[Exercise]: Starting with the line in which "84 In. New York" appears, give back every line exactly as written until the listing ends, excluding pictures.

Start of Input data

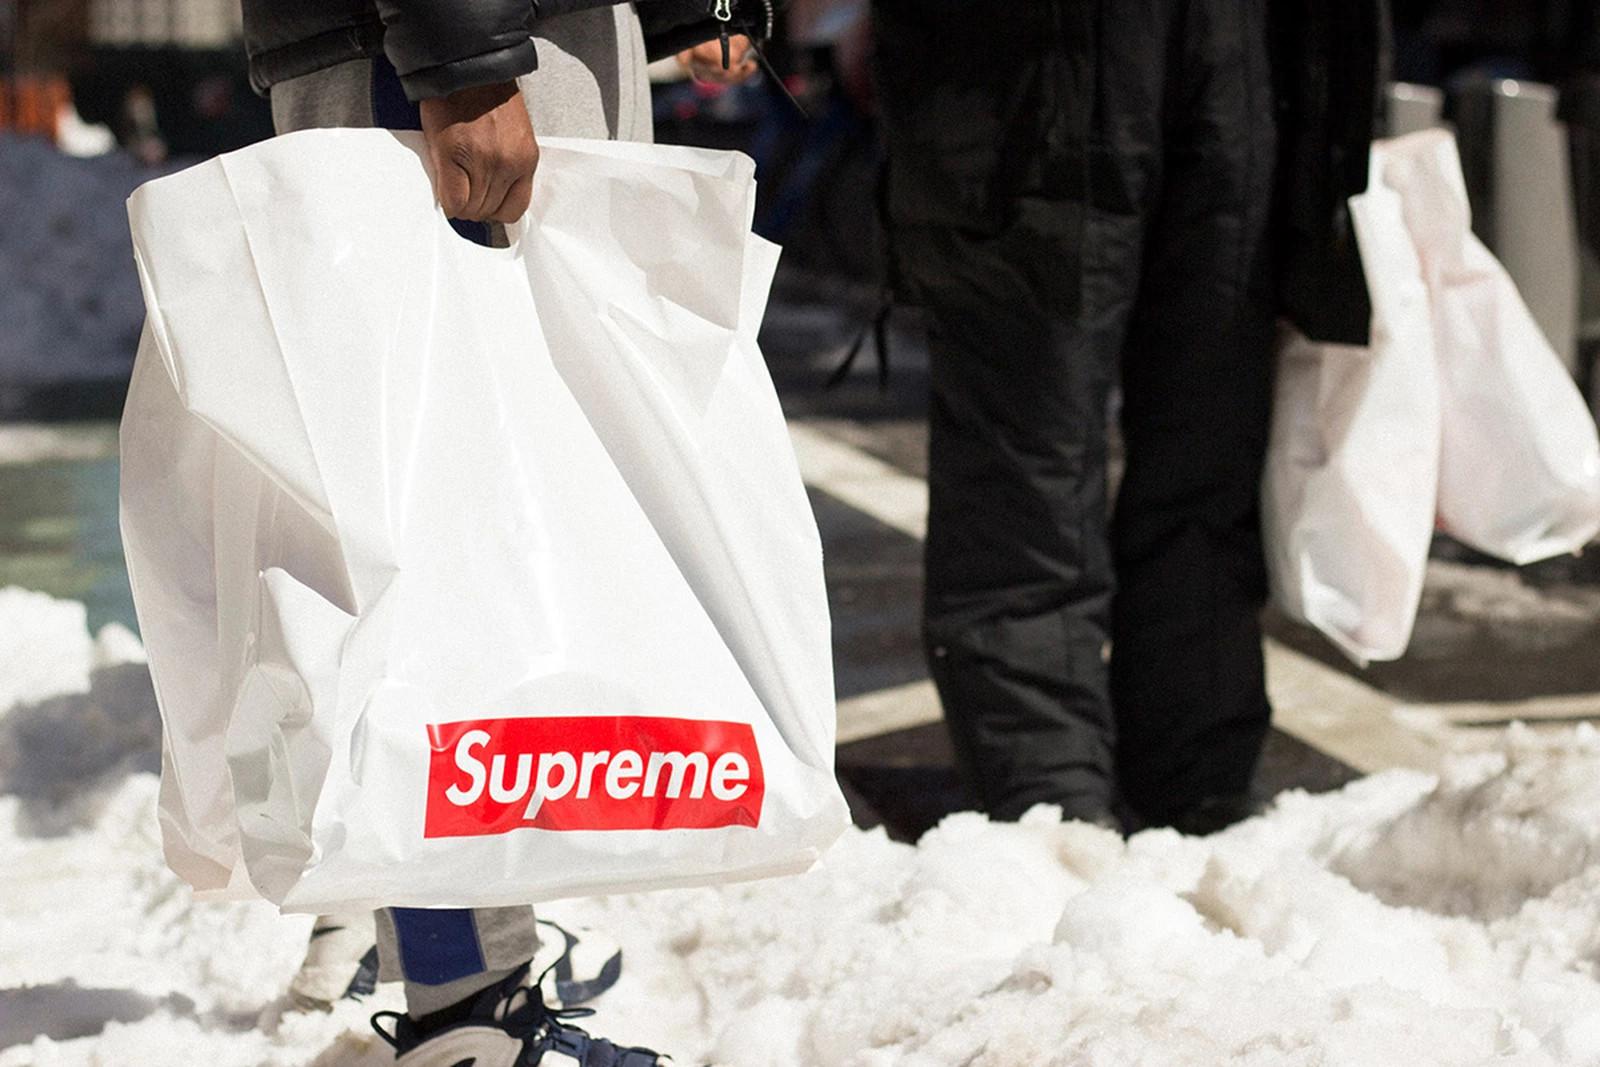 Supreme shopping
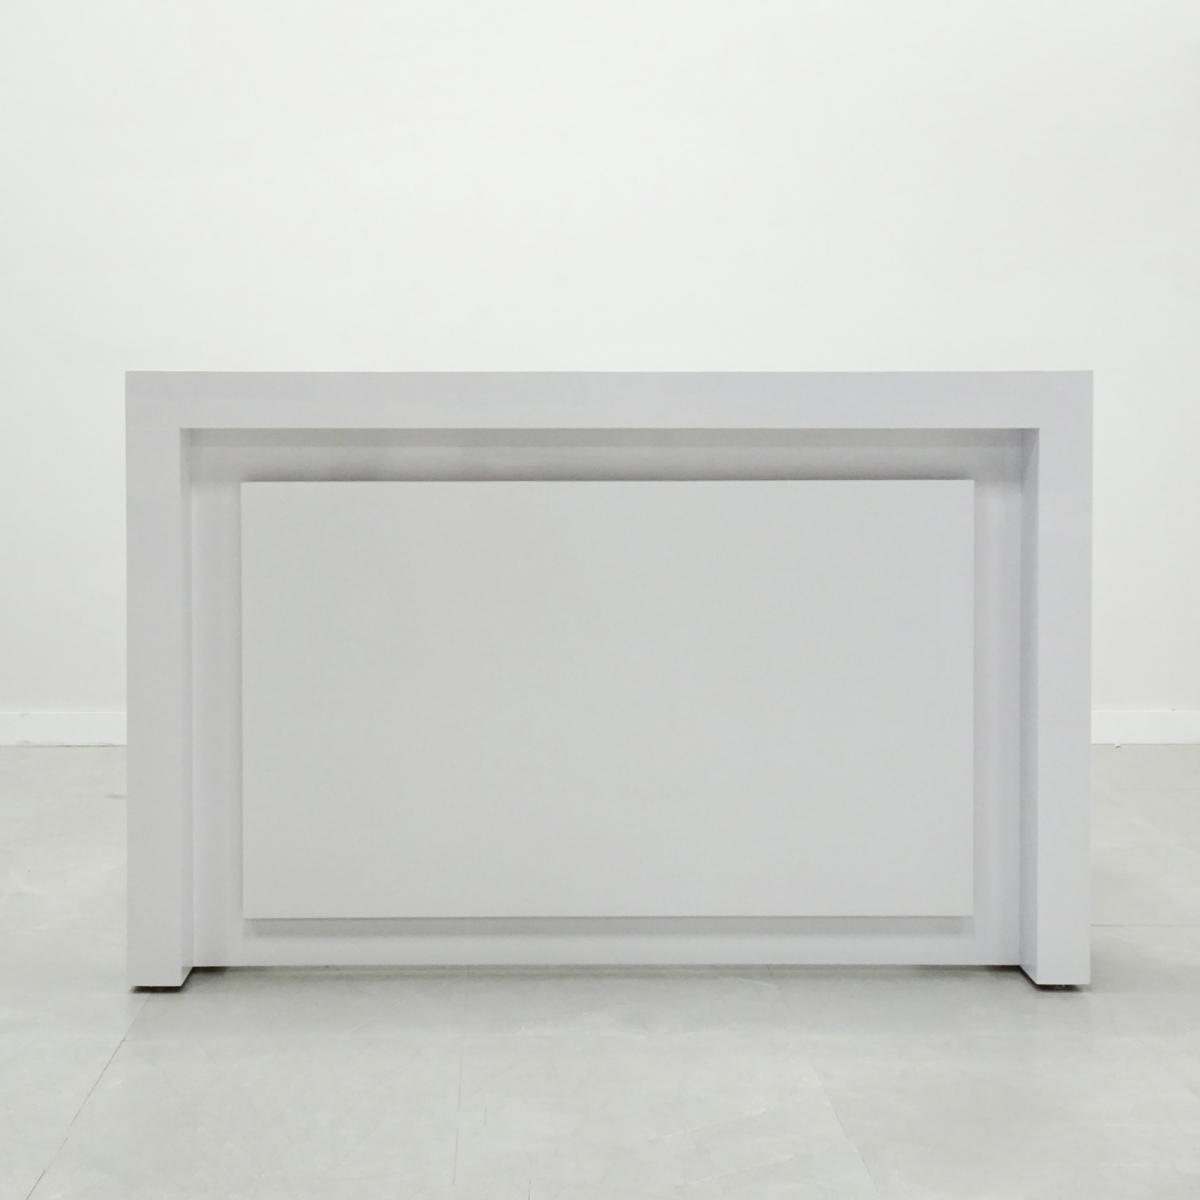 84 In. New York Reception Desk in White Glass Laminate
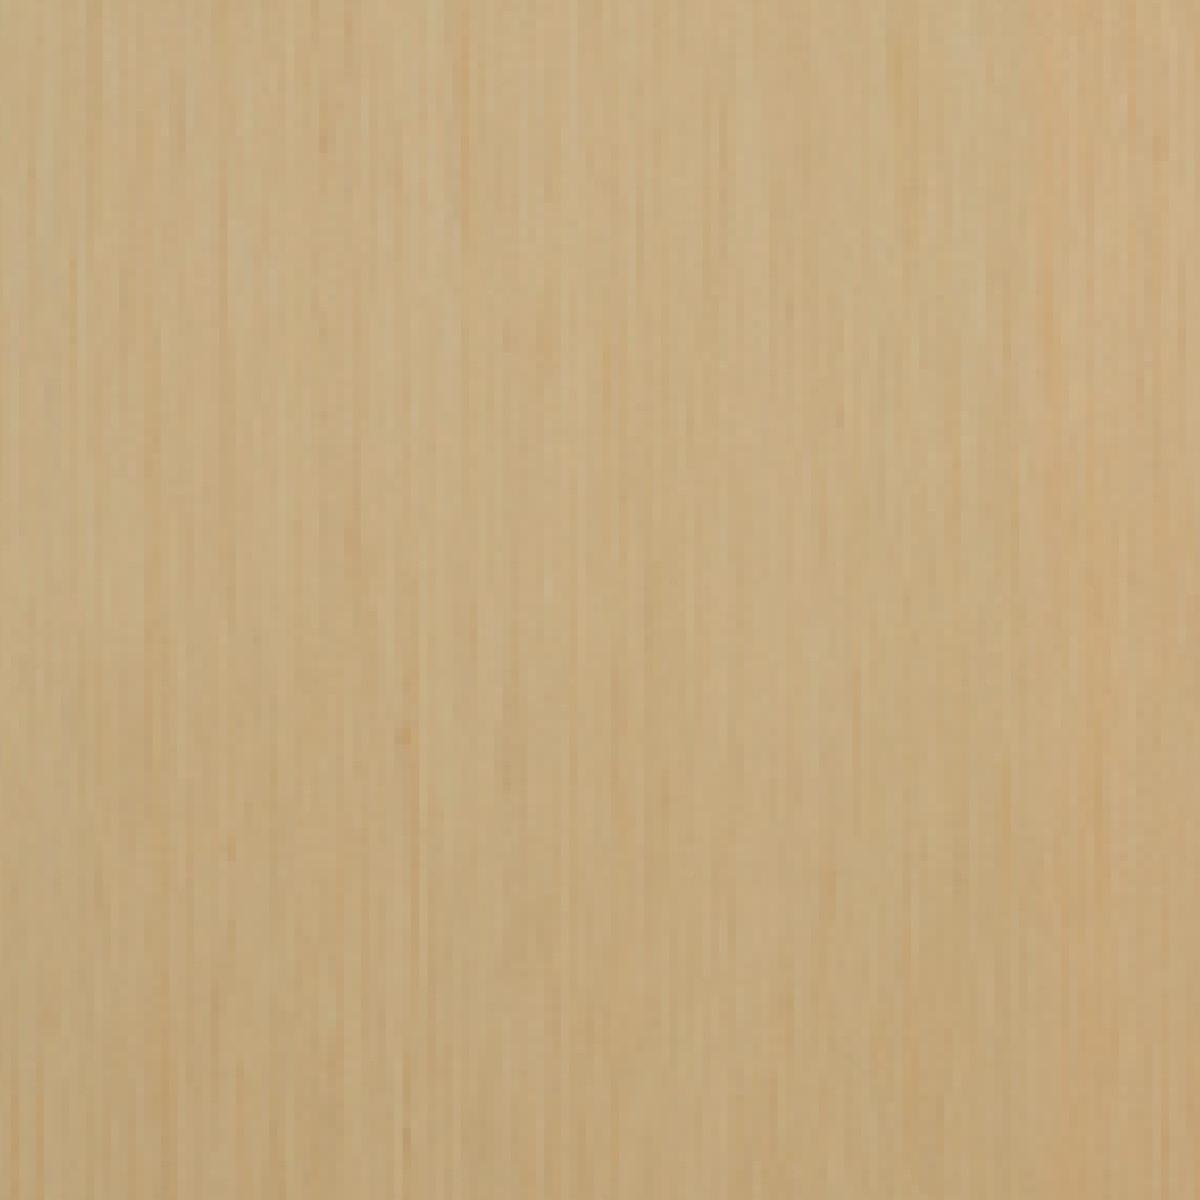 01 Maple

End of Input data

[Final answer]:
 84 In. New York Reception Desk in White Glass Laminate
 01 Maple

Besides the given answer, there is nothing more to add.